◆ Required work
Copy out the data word for word. The images are not part of the copy.

◆ Dataset extract
*** Block opens ***
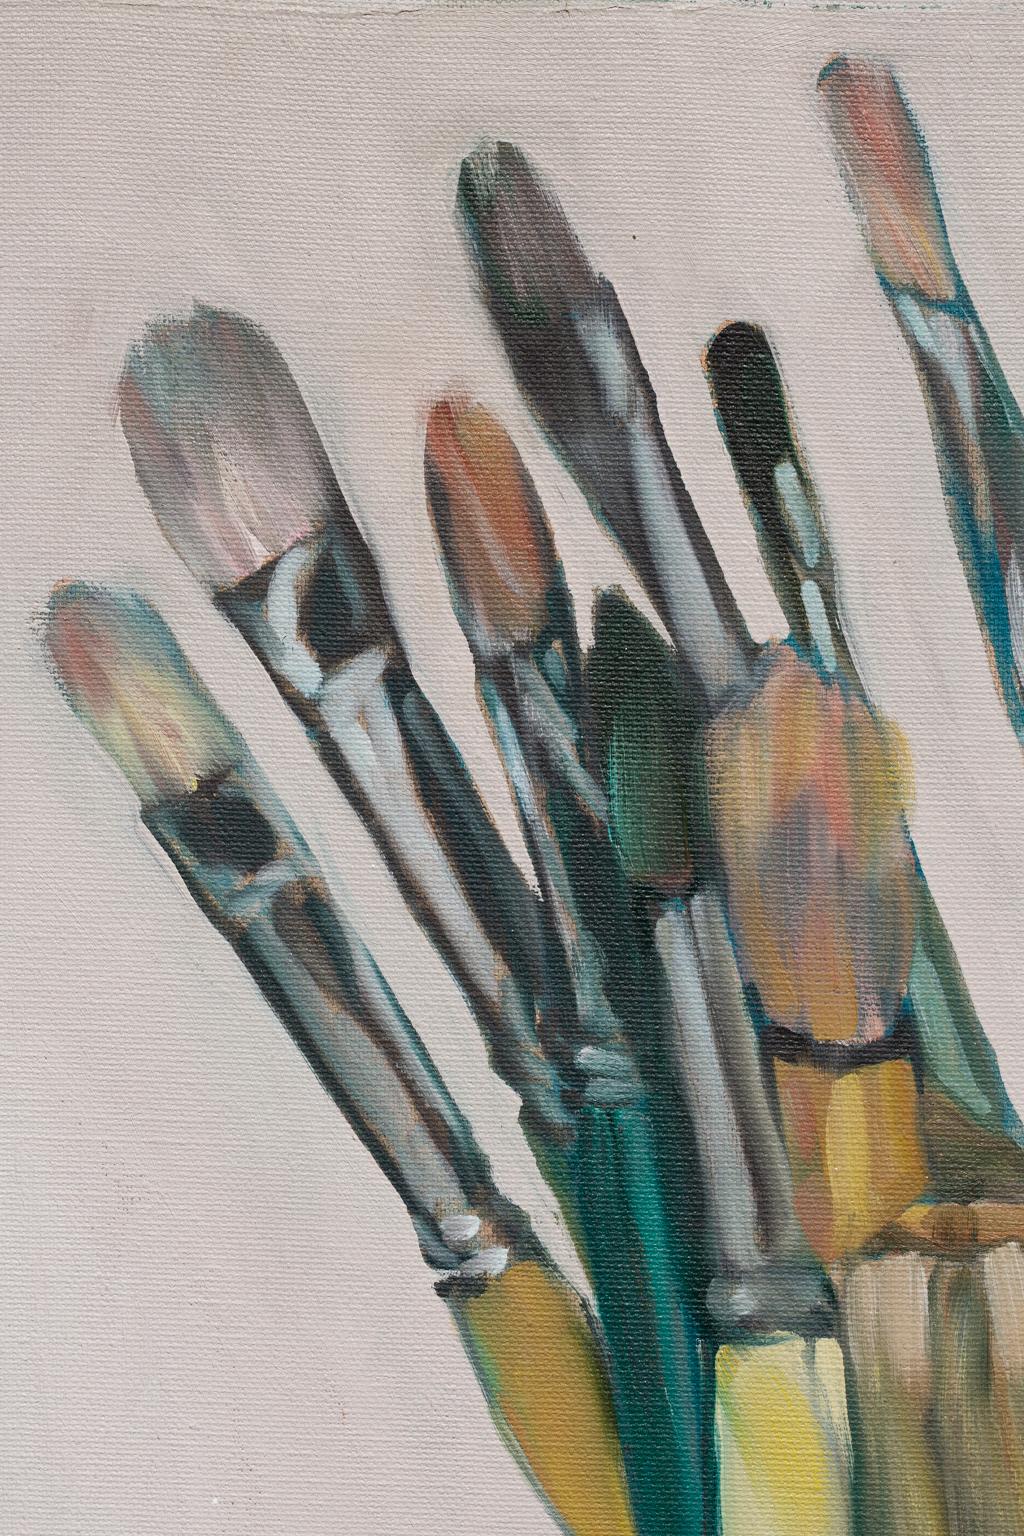 This still-life is an acrylic on canvas work that depicts a jar full of various paint brushes bunched together brushes up. In contrast to many still-lifes that depict the setting that the still-life occupies, this jar occupies a white space that
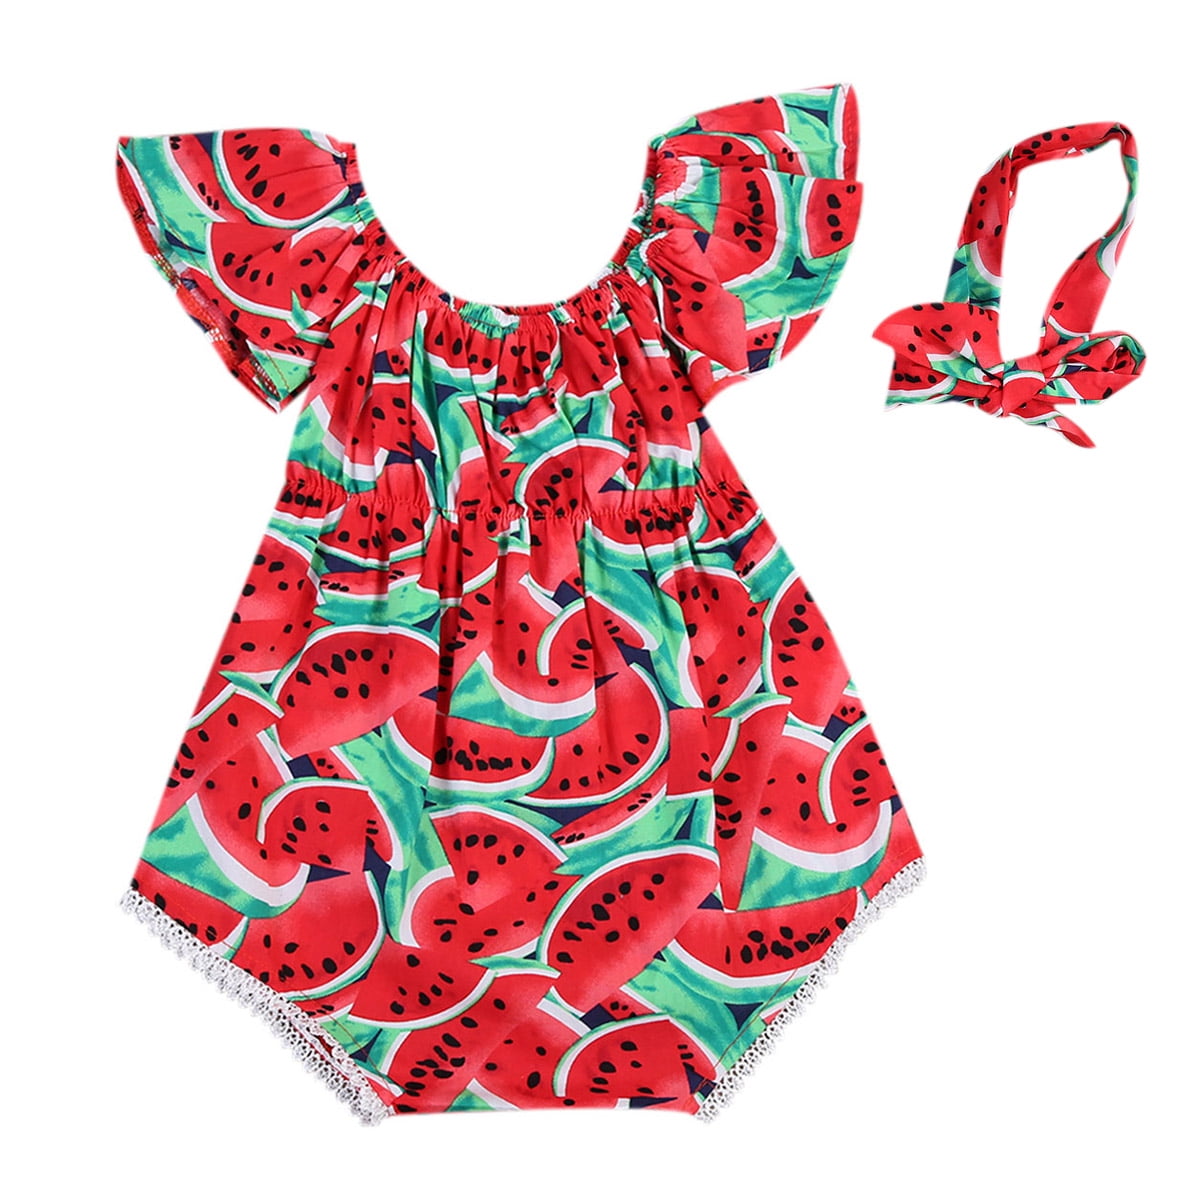 Infant Baby Girls Watermelon Outfits Clothes Romper Bodysuit Jumpsuit Headband 
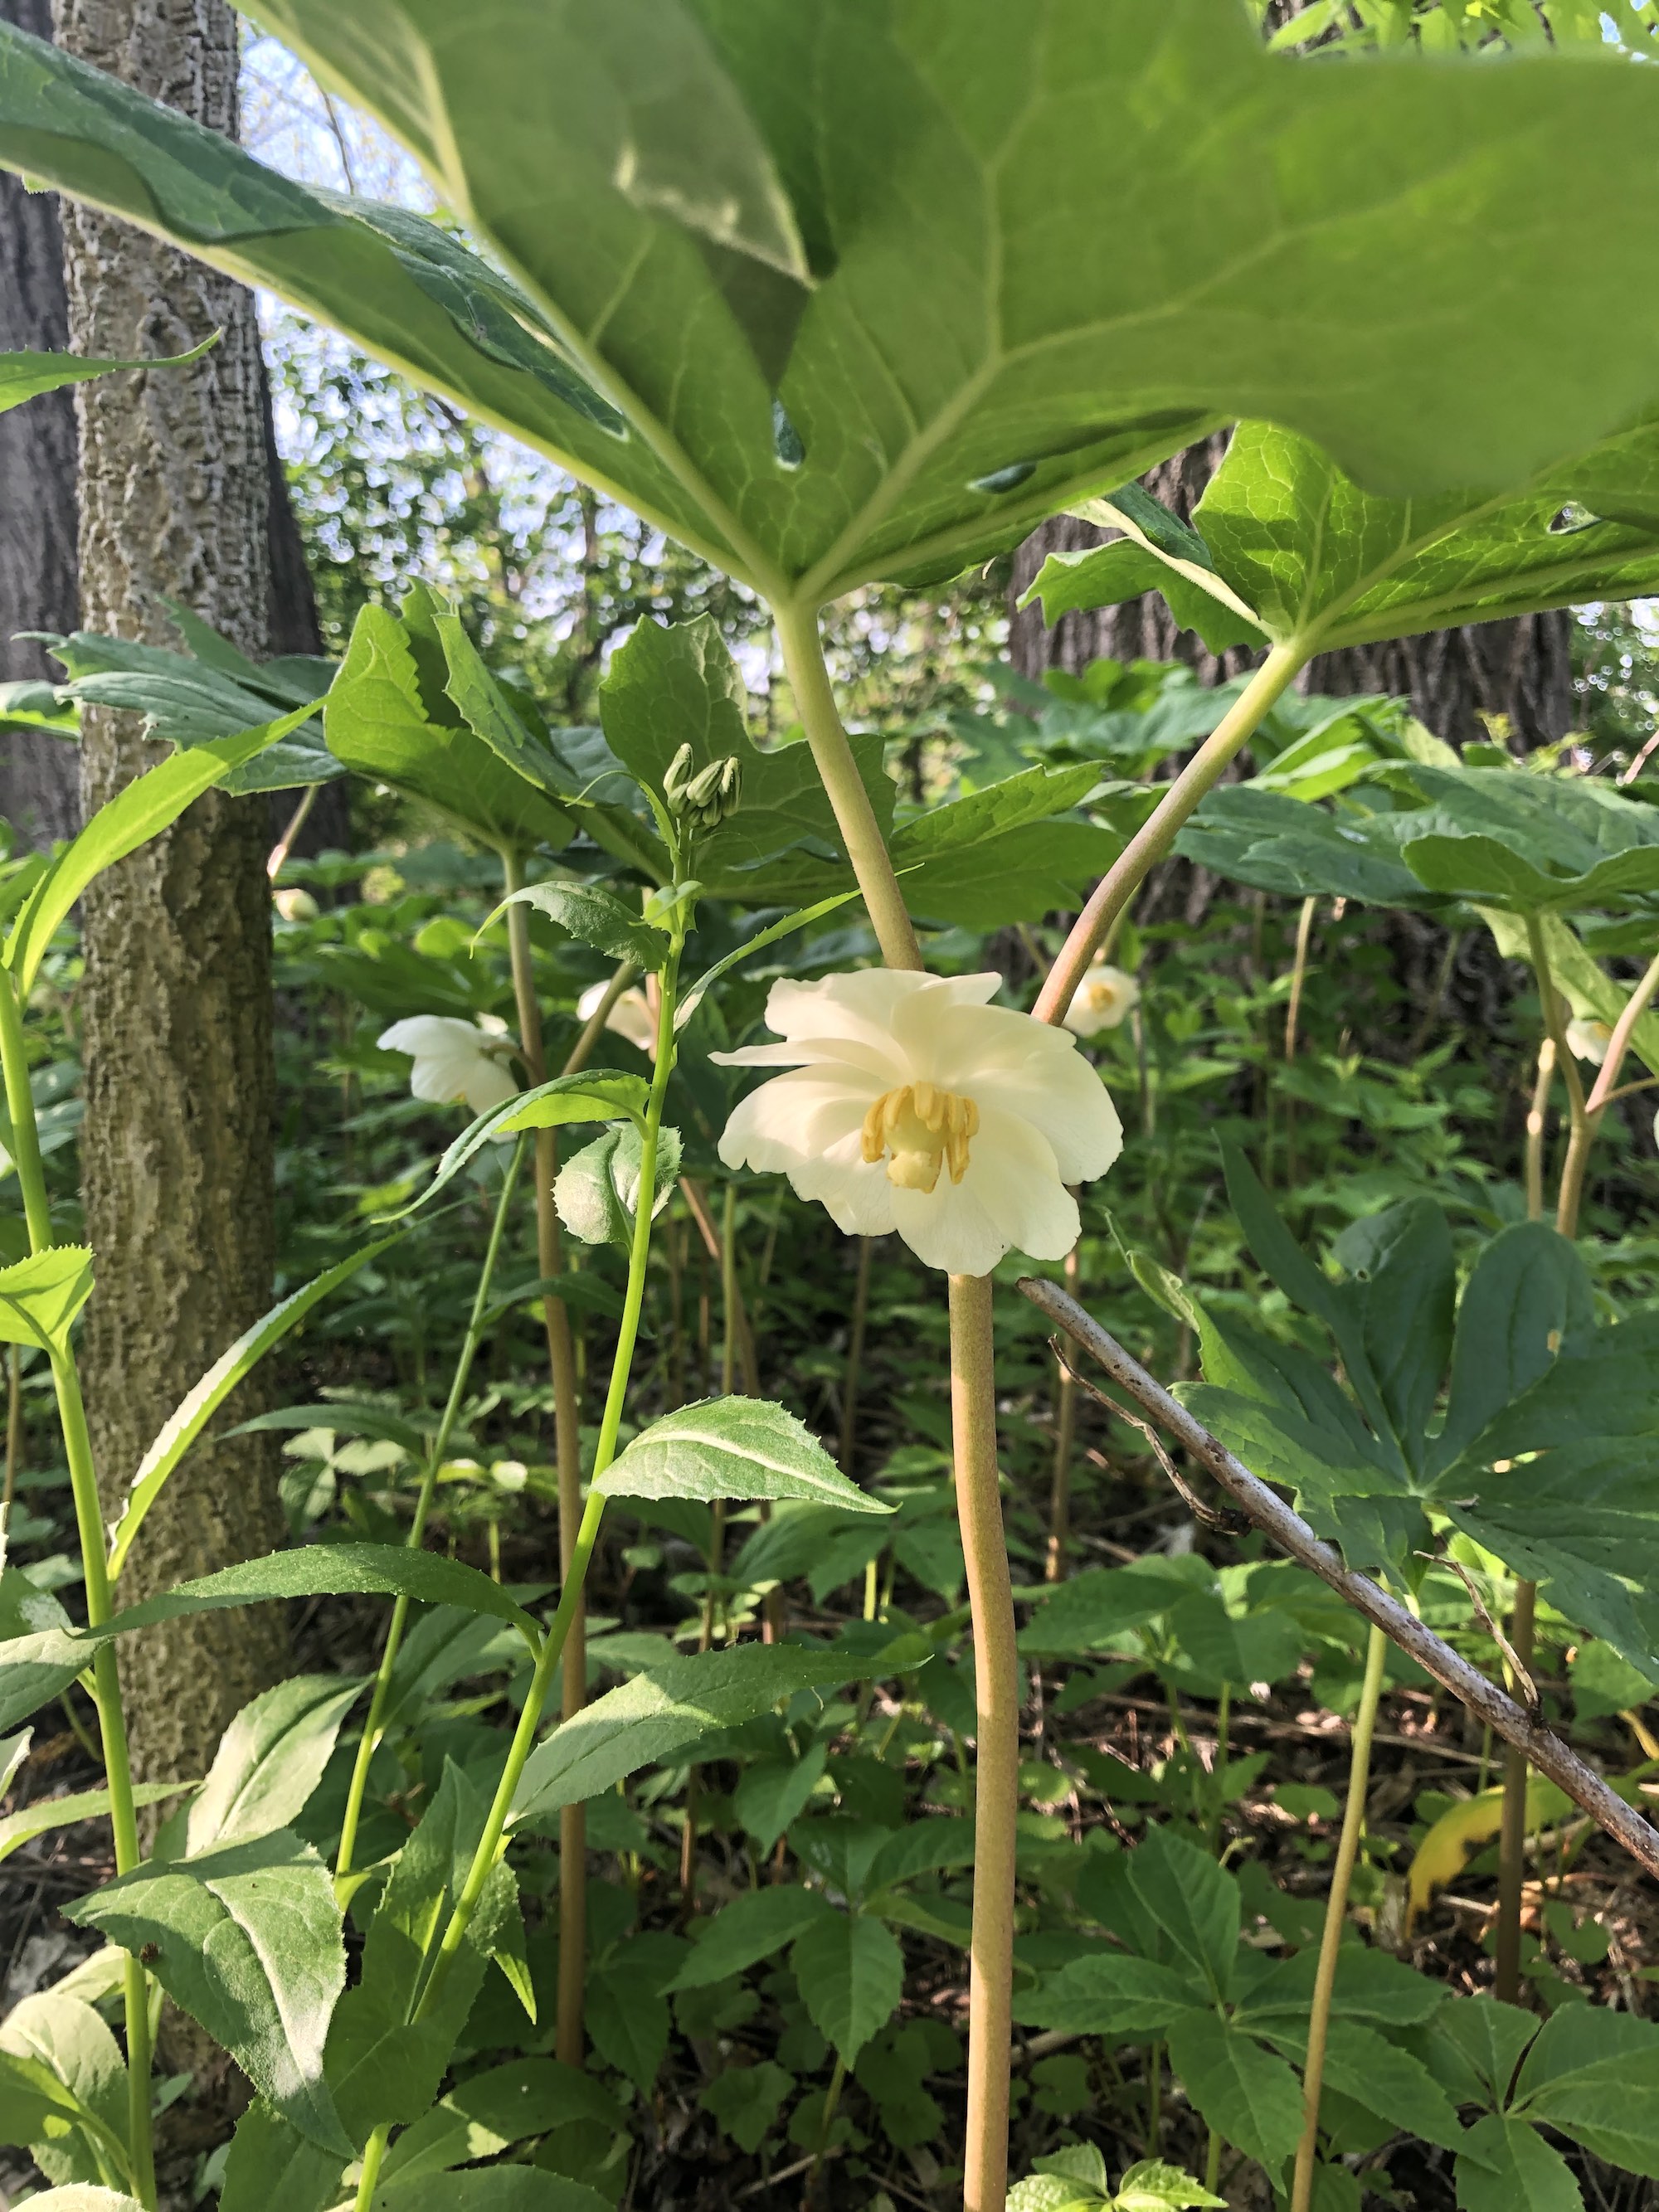 Mayapple blooms between Duck Pond and Marion Dunn Madison, Wisconsin on May 17, 2021.
*** Block closes ***
◆ Result of this task
 This still-life is an acrylic on canvas work that depicts a jar full of various paint brushes bunched together brushes up. In contrast to many still-lifes that depict the setting that the still-life occupies, this jar occupies a white space that
 Infant Baby Girls Watermelon Outfits Clothes Romper Bodysuit Jumpsuit Headband 
 Mayapple blooms between Duck Pond and Marion Dunn Madison, Wisconsin on May 17, 2021.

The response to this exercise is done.